Rani Santhosh, Rahman Sajitha Mf, Pricilla Ruby A, David Kirubah V
Department of Family Medicine, Christian Medical College, Vellore, Tamil Nadu, India.
Department of Community Medicine, Christian Medical College, Vellore, Tamil Nadu, India.
Indian J Endocrinol Metab. 2022 Mar-Apr;26(2):127-132. doi: 10.4103/ijem.ijem_47_22. Epub 2022 Jun 6.
Type 2 diabetes mellitus is a rapidly emerging non-communicable disease in India. It is associated with many life-long complications and higher rates of hospitalisations. The characteristics and reasons for hospitalisation among individuals with diabetes have not been documented in India. Such a study would direct policy makers in implementing prevention and education strategies and economic changes as needed.
The study aimed to study the characteristics and causes of admission of patients with diabetes admitted to a secondary care unit in South India.
Aretrospective observation study of inpatient records of patients with diabetes aged 18 years and above admitted between January to December 2019 in a secondary care unit was done. The details of patient demographics, reason and outcome of admission were retrieved manually from paper-based patient records. Descriptive analysis was done using SPSS version 23. The study was approved by the Institutional Review Board of the institution.
Among the 479 admissions of patients with diabetes during 2019, the mean age of the admitted patients was 57.75 years. The majority of them had only one admission, 15% had re-admissions in the same time period. Approximately 78% of the admitted patients had one or more co-morbidities, 44.6% had hypertension as a co-morbidity. The principal cause of admission was infections (45%), followed by metabolic and endocrine causes (13.5%), cardiovascular disease (10.9%) and renal disease (7.96%). More than 80% of the admissions had a favourable outcome and were discharged.
This retrospective study demonstrated that the most common reason for admission among patients with diabetes to a secondary care unit in South India was infection. Many infections are preventable with effective treatment for diabetes and health education. Patients bear the costs of routine treatment for diabetes which is a fraction of the direct cost of hospitalisation and can drive them to huge economic losses. Therefore, interventions to promote standard treatment by primary and secondary care health professionals and self-awareness among patients need to be done to prevent hospitalisations.
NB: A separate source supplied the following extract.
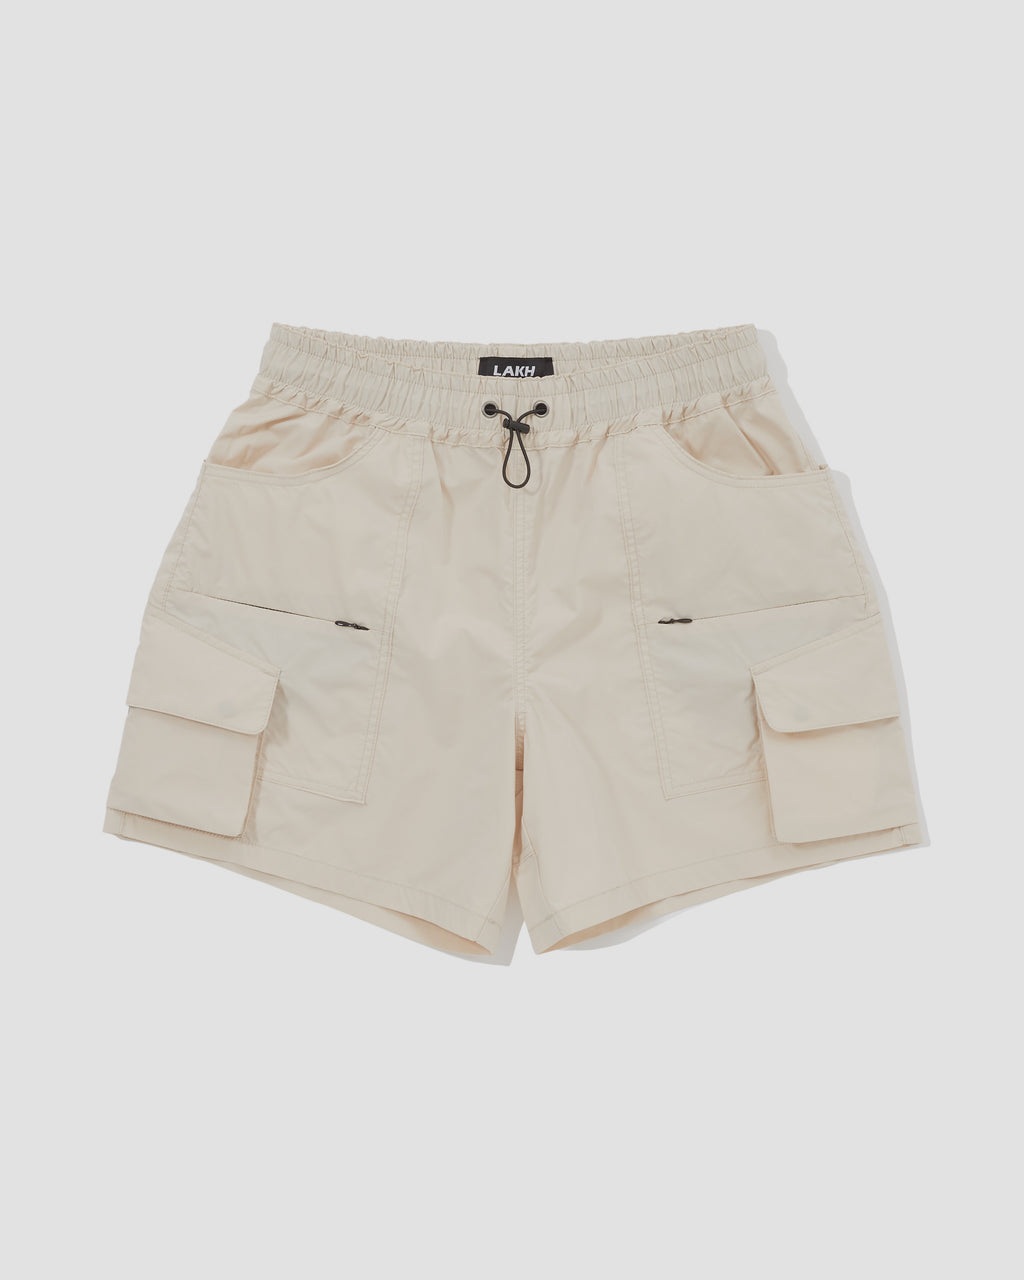 Field Shorts - Sand
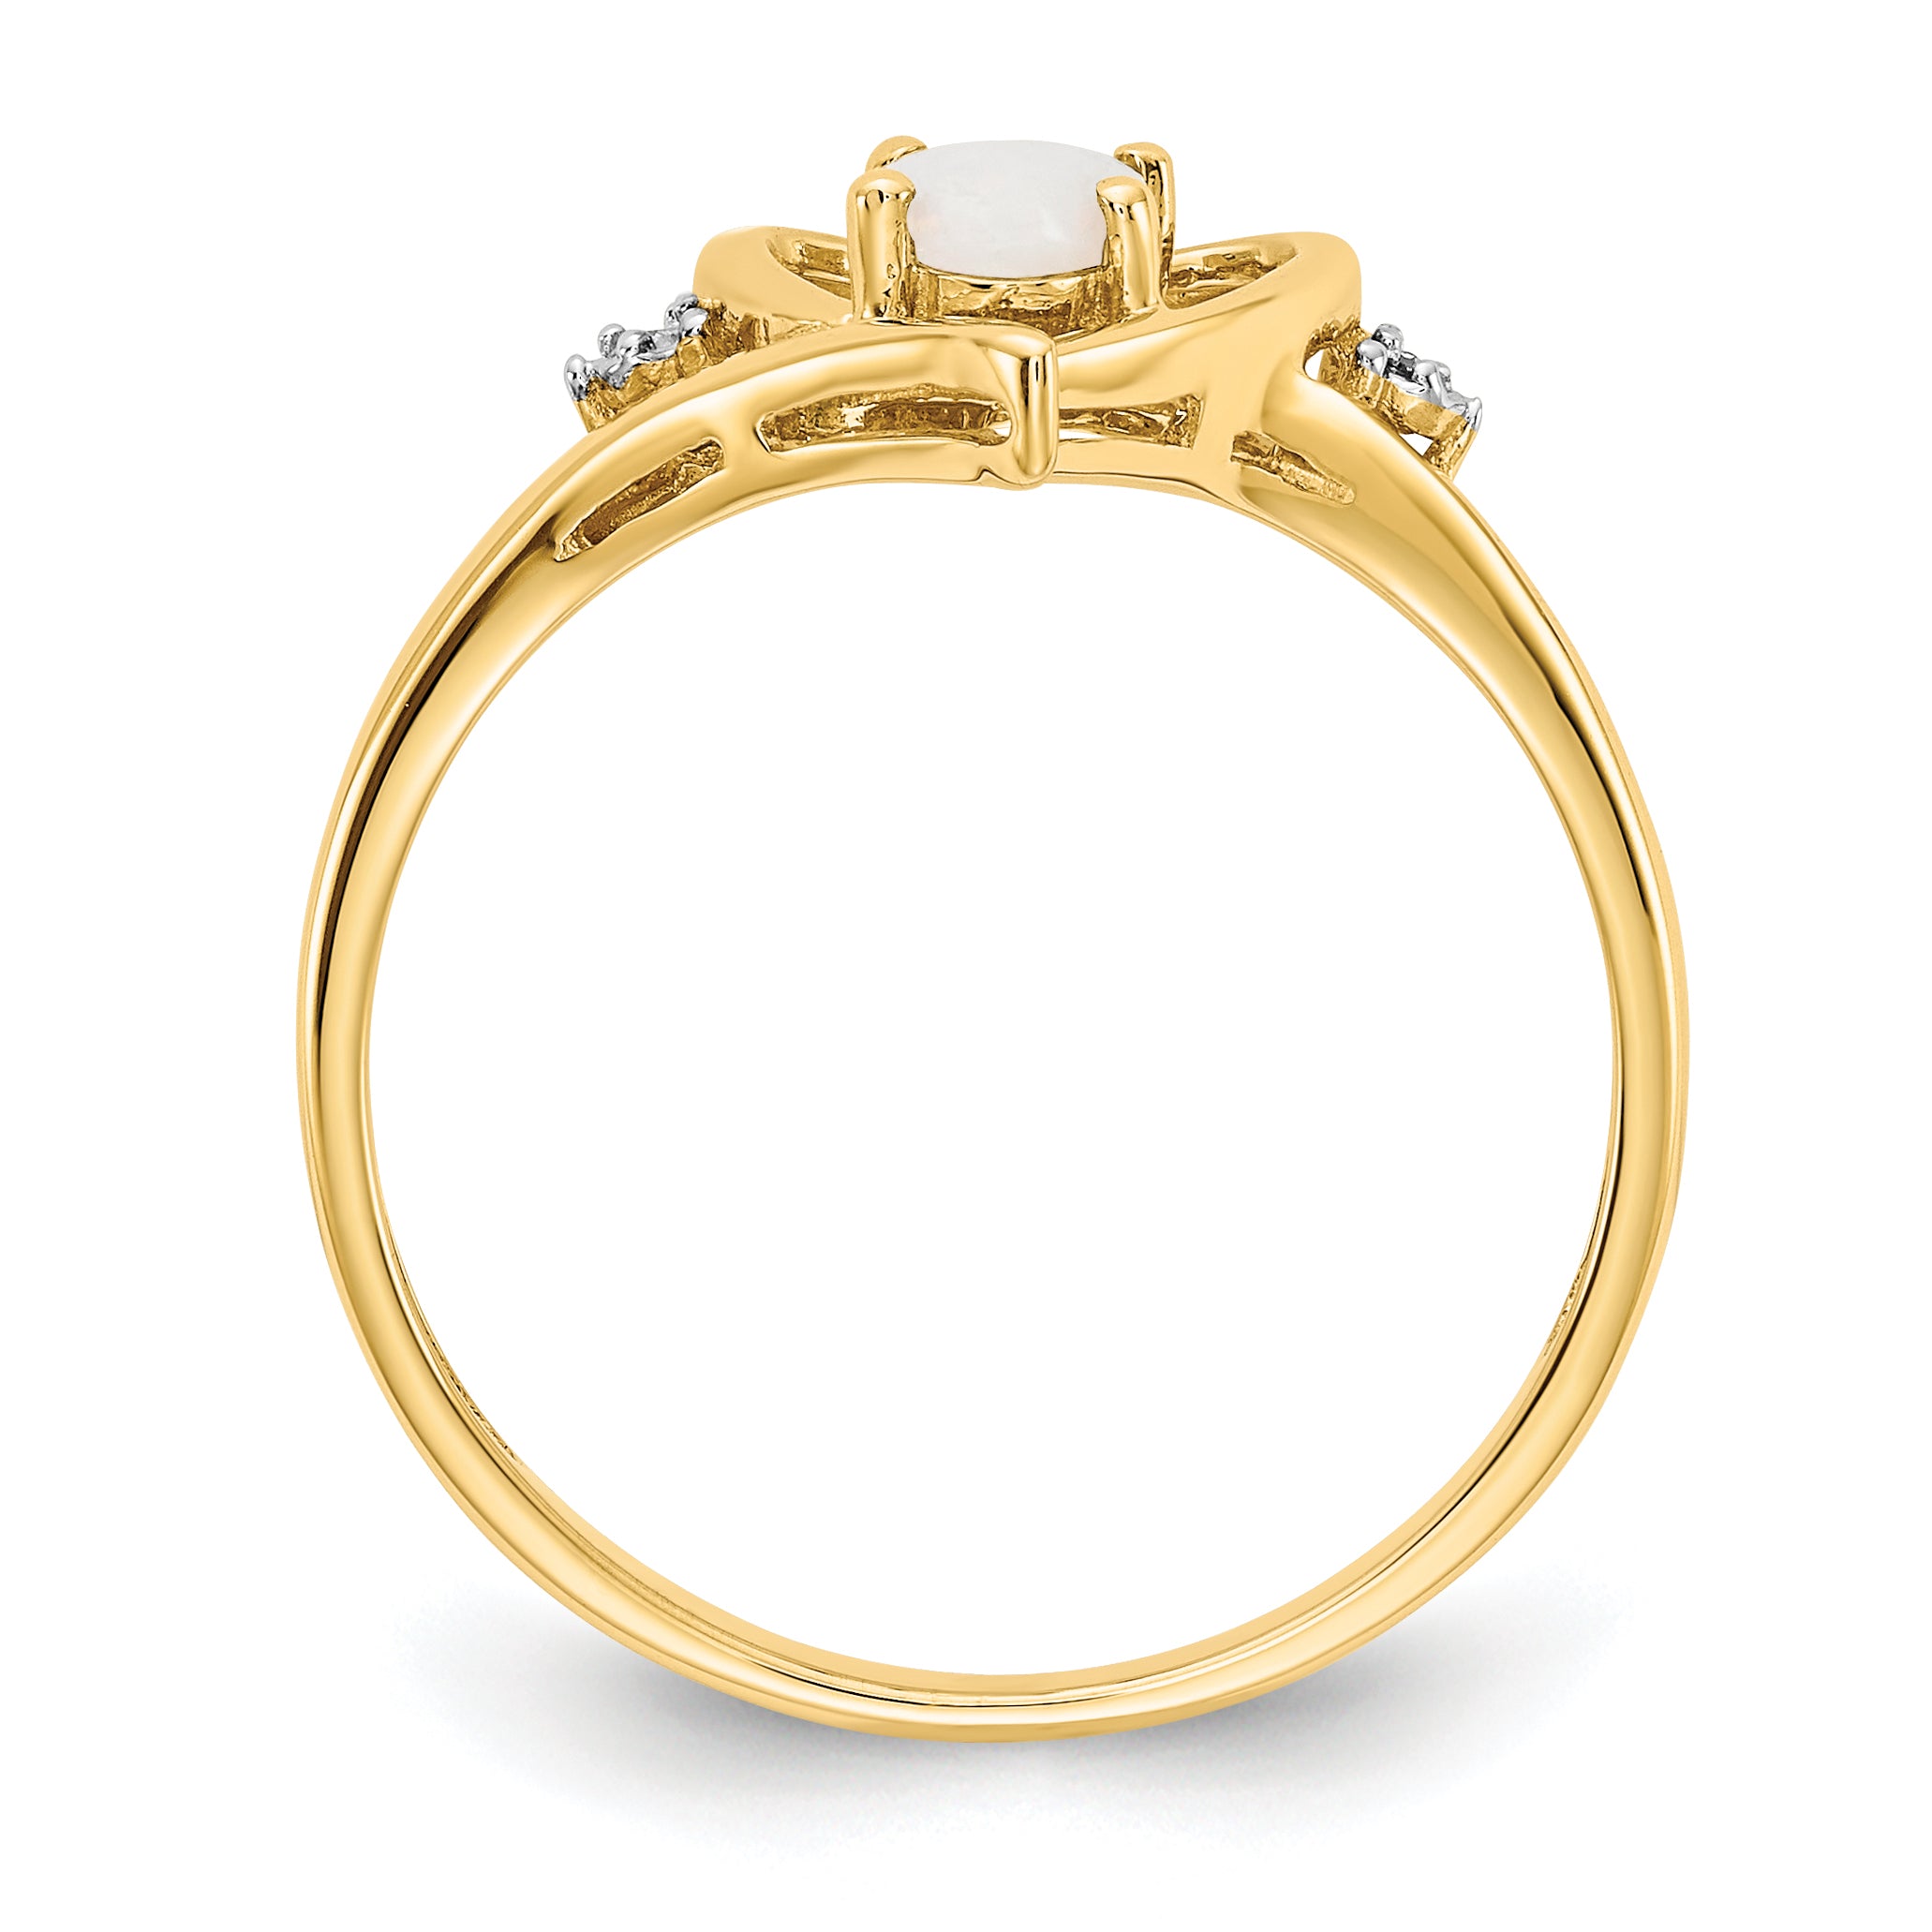 14k Opal and Diamond Heart Ring

2型糖尿病在印度正迅速成为一种非传染性疾病。它与许多终身并发症以及更高的住院率相关。在印度,糖尿病患者的住院特征及原因尚未有文献记载。这样一项研究将指导政策制定者根据需要实施预防、教育策略及经济变革。
本研究旨在探讨印度南部一家二级医疗机构收治的糖尿病患者的住院特征及原因。
对2019年1月至12月期间在一家二级医疗机构收治的18岁及以上糖尿病患者的住院记录进行回顾性观察研究。通过纸质病历手动检索患者人口统计学信息、入院原因及转归详情。使用SPSS 23版进行描述性分析。本研究获该机构机构审查委员会批准。
2019年期间,479例糖尿病患者入院,入院患者的平均年龄为57.75岁。他们中大多数人仅入院一次,15%在同一时期再次入院。约78%的入院患者有一种或多种合并症,44.6%的患者合并高血压。入院的主要原因是感染(45%),其次是代谢和内分泌原因(13.5%)、心血管疾病(10.9%)和肾脏疾病(7.96%)。超过80%的入院患者治疗效果良好并已出院。
这项回顾性研究表明,印度南部一家二级医疗机构收治的糖尿病患者入院的最常见原因是感染。通过有效的糖尿病治疗和健康教育,许多感染是可以预防的。患者承担糖尿病常规治疗的费用,这只是住院直接费用的一小部分,却可能给他们带来巨大的经济损失。因此,需要采取干预措施,促进初级和二级医疗保健专业人员进行规范治疗,并提高患者的自我意识,以预防住院。